# Painting a dowel?



## byerbyer (Dec 31, 2012)

I'm in the middle of building a "modern" style crib that will have white painted dowels between natural finished walnut. Do any LJ's have slick trick for painting a round dowel? I tried making some braces I could lay them flat and then roll the paint on with a little roller, but there isn't enough surface area for the roller to actually roll. I also tried just a foam brush, which was a step in the right direction and will suffice for priming, but not the final coat.










I'm thinking a short screw in the end and hang it from a piece of string or stand them on end in a block…

Any suggestions would be great!


----------



## HerbC (Jul 28, 2010)

Hang them and use spray paint.

I'd recommend a spray laquer.


----------



## Grandpa (Jan 28, 2011)

Screw in both ends so you can control the swing. If you want to lay them down, a screw in each end and a board under the screws. Turn it by hand and lay it down when you are finished.


----------



## Jetboater (Jan 19, 2014)

One neat way is to spin the dowel as you paint it. Keep it spinning while it dries to eliminate any runs or imperfections.
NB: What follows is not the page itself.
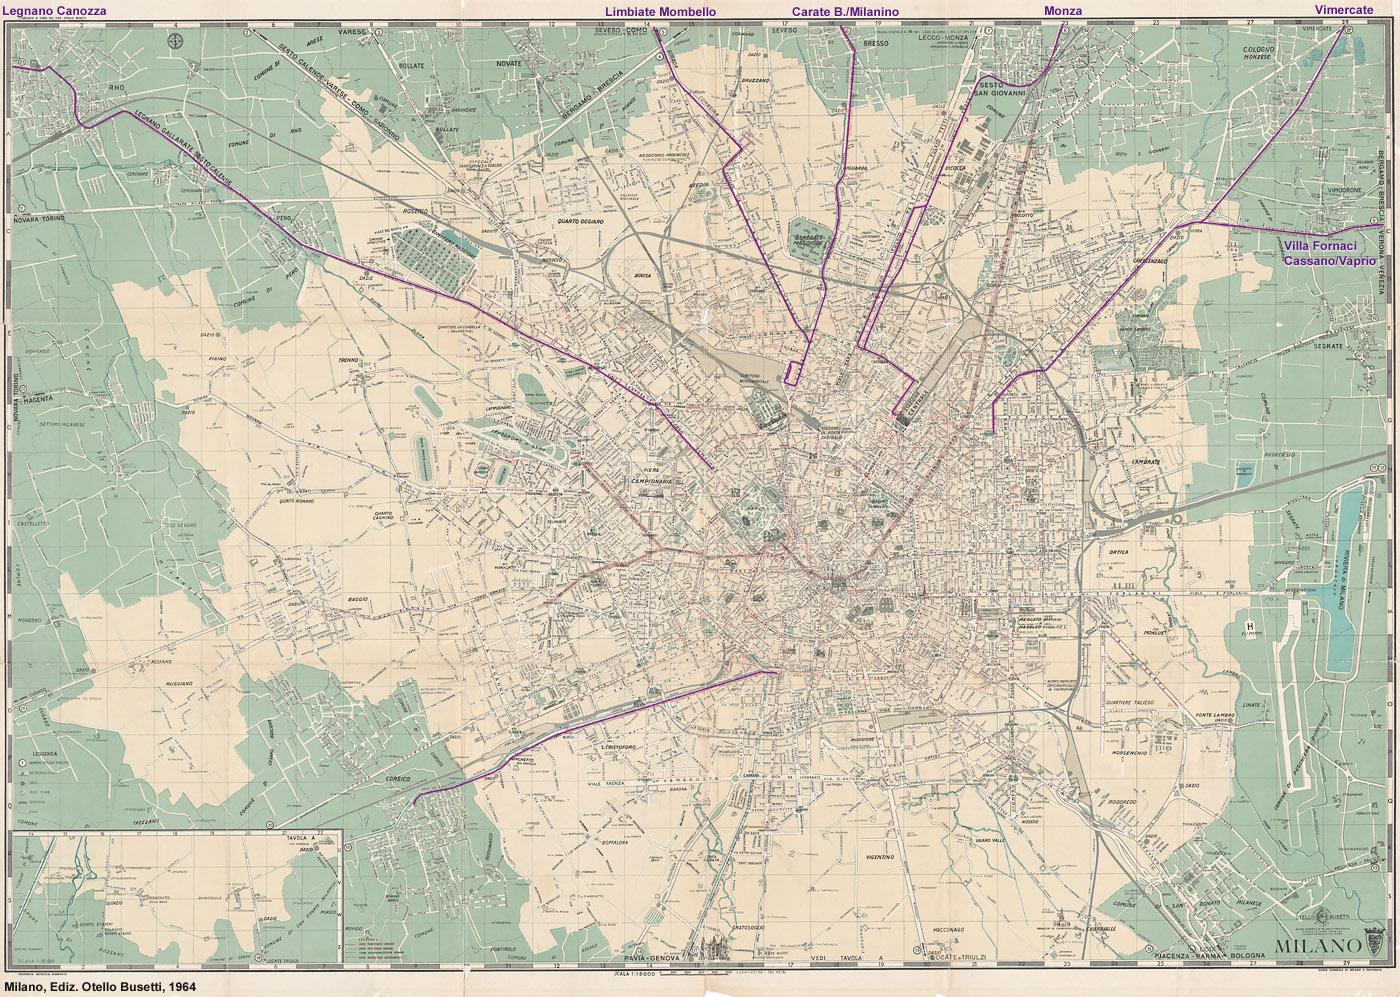 Milano 1964 l 39 anno della metropolitana stagniweb - Assi vimercate piastrelle ...
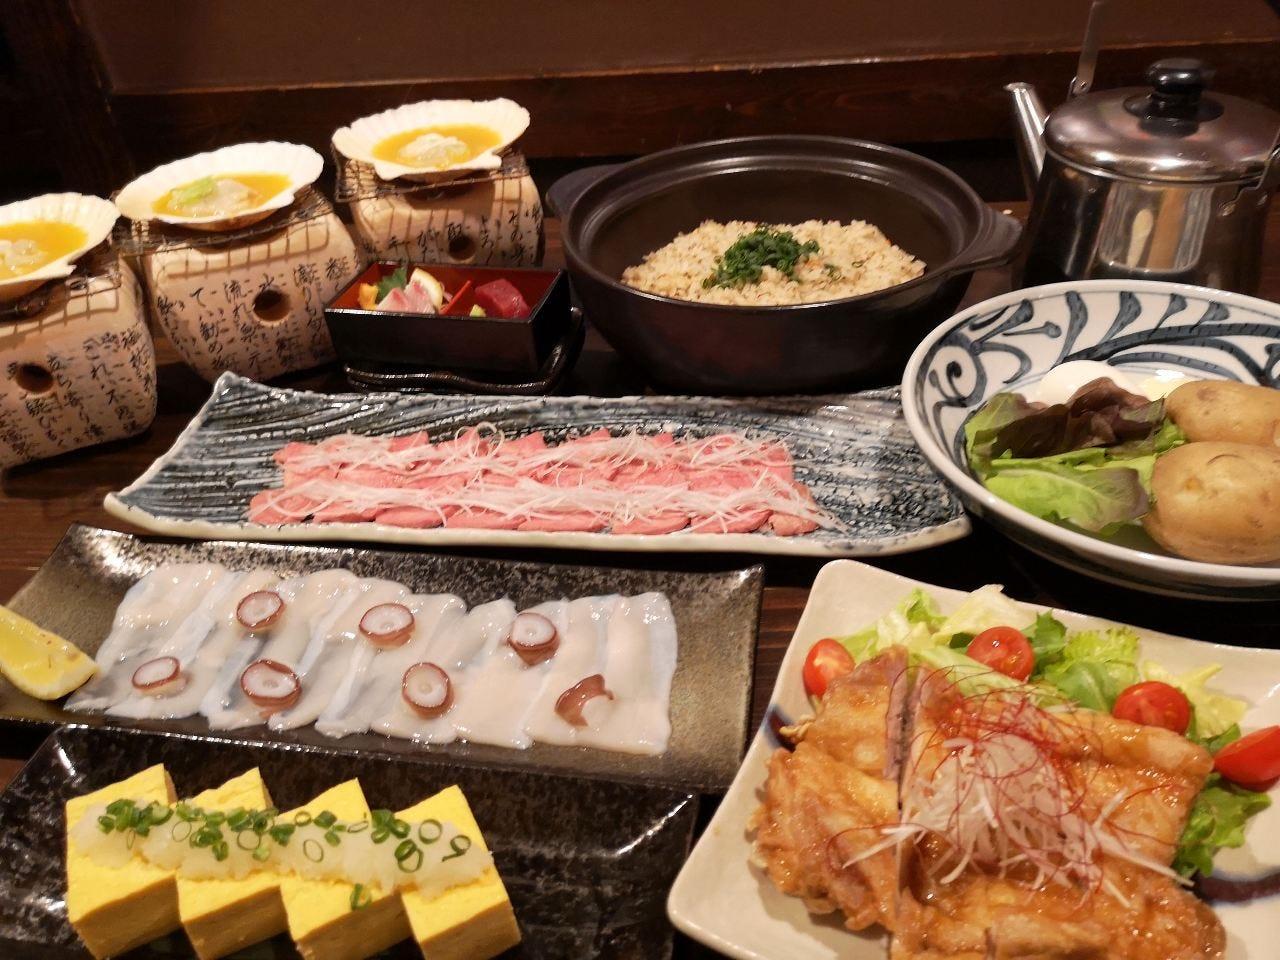 満足!当店5大名物付き!海鮮と牛リブアイステーキを味わう5000円コース!!(2時間飲み放題付)

That's the hardest part - avoiding runs and marks from holding the dowel. The guys who make custom wooden archery arrows have been doing it that way for a couple hundred years.

Check out this video. The video show striping (cresting), but you can paint the whole dowel if you want. You can rig up something pretty easy, or buy a cheap commercial arrow crester. If you have access to a lathe, you're already there. Custom fishing rod makers use the same basic technique.


----------



## kaerlighedsbamsen (Sep 16, 2013)

Hang them and use a "painting pillow" to paint them in one go. Not sure about the name in english. It is like a pieze of carpeting with small brushes on one side. Really quick and gives a nice, even finish


----------